6.21.2006

often comfortable and clueless... snuggled safe in soft fuzzy whiteness...

I forget that most people on this planet are not. And that that is to their disadvantage. I will never understand the weight people carry in shouldering the burden of a different color.
I ask myself WHY... not expecting the comforting answer that a worried child receives from his or her all-knowing all-powerful universe-balancing mother (or father). I don't expect to receive an answer at all. I can't erase my color, nor anyone else's. We were painted with a stuff more water resistant than oil paint, more stubborn than the ink of a sharpie... Indeed, the hand of God is stronger than these. What I receive in exchange for my unanswerable WHY is another question. HOW will I wear my color? And maybe, WHAT other colors will I add to my palette. White is awfully boring, just sitting on the palette all by itself...

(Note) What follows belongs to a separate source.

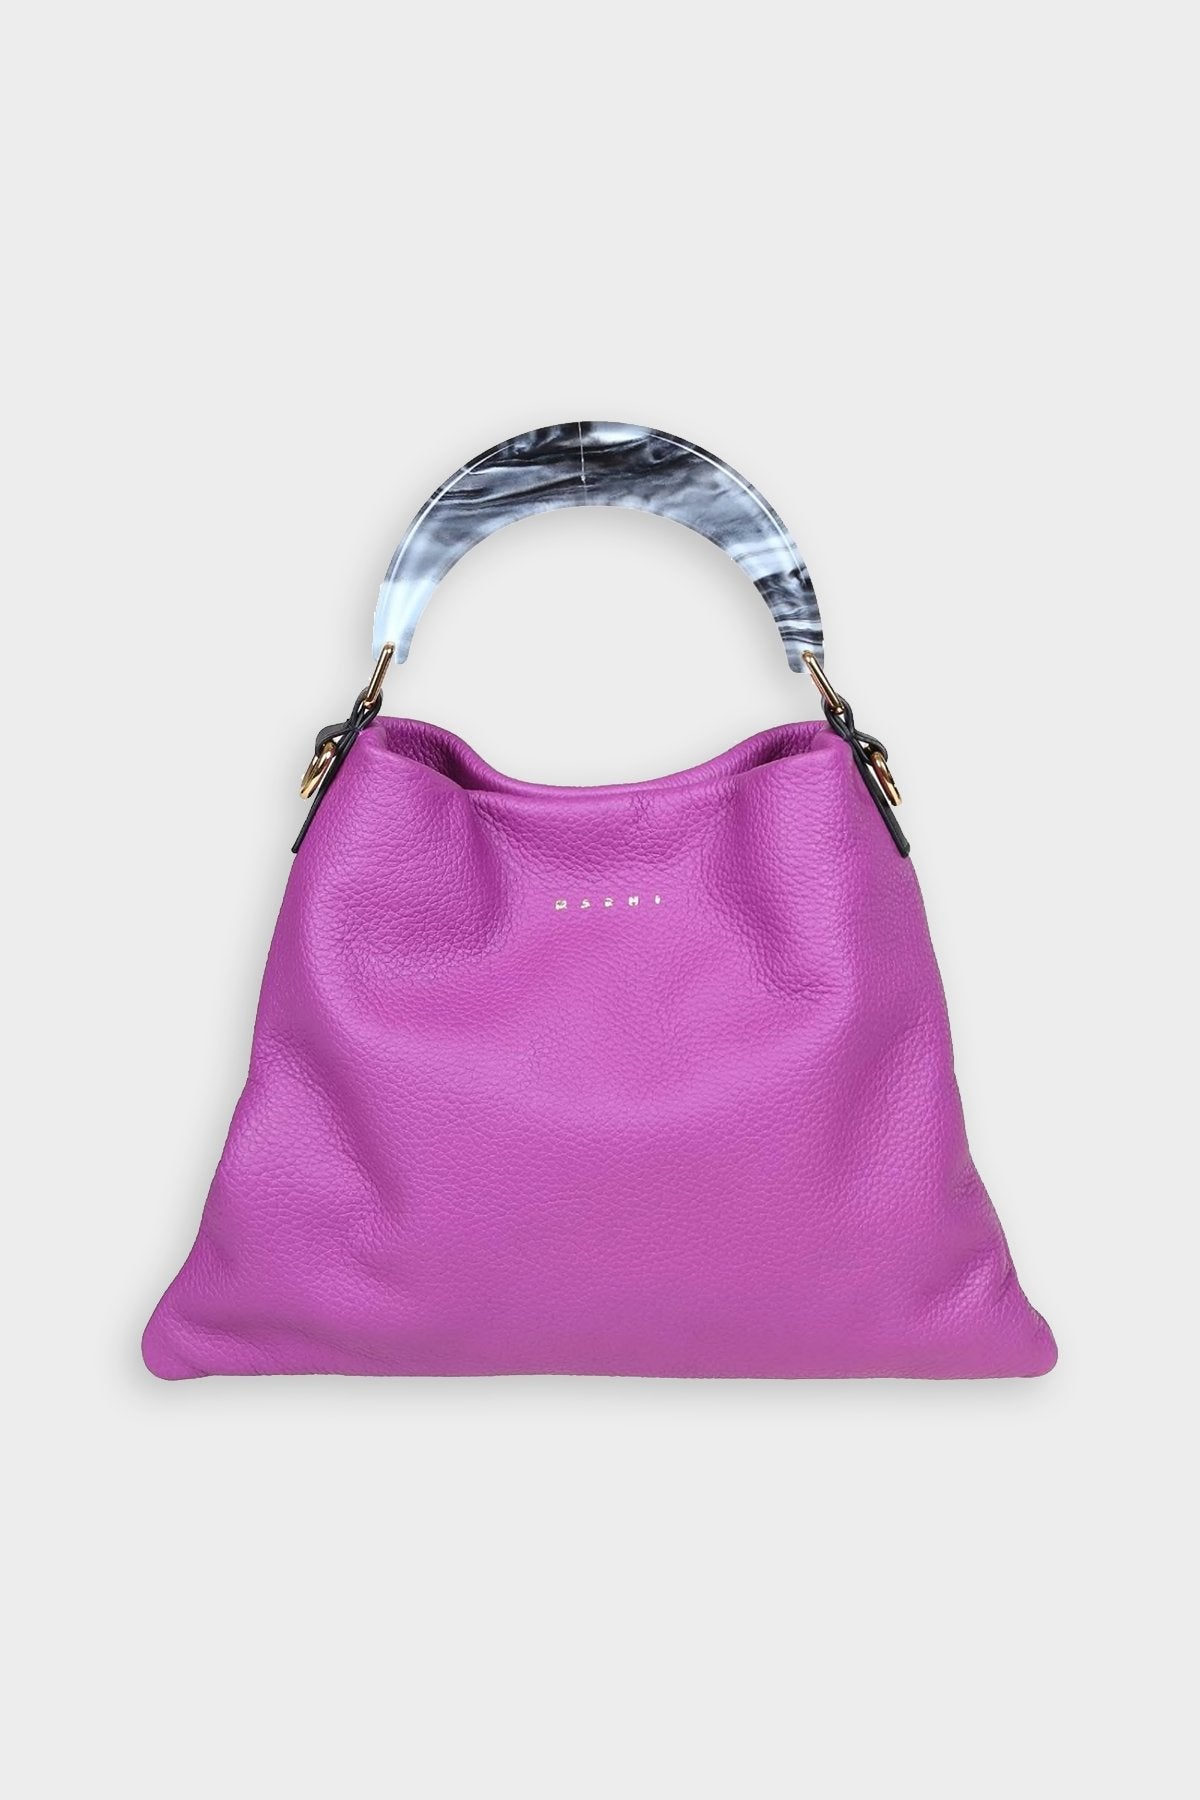 Hobo Calfskin Small Shoulder Bag in Purple - shop-olivia.com

So... if I had to choose ONE book (from the plethora of books I've read this past year) that has reached its hands deepest into my heart and leaving the deepest impressions, like strong fingers in soft wet clay, this book would be it. The heart of Maya Angelou. And in some ways, the heart of every woman, even if it's just a chamber, a muscle strand, a blood vessel, a cell membrane. She has most definitely left her impression deep in me... most definitely plucked my heart-strings, making me laugh and cry, shout and dance, fume in anger and sit quietly in self-reflection. She more deeply cultivated my love of being a woman and more violently sparked my wonderment of how it would be to be a skin color other than white. She challenged me intellectually, globally, ethically, spiritually... in so many ways that I haven't yet discovered how to untangle and lay out. And she challenged me as a woman.

1 comment:

tskd said...

I can't remember if I've read that or not. I read everything Maya Angelou that the Rosslyn library had when I was in 7th grade after reading I know Why the Caged Bird Sings...but that one doesn't stand out to me. It shall go on my reading list...thanks!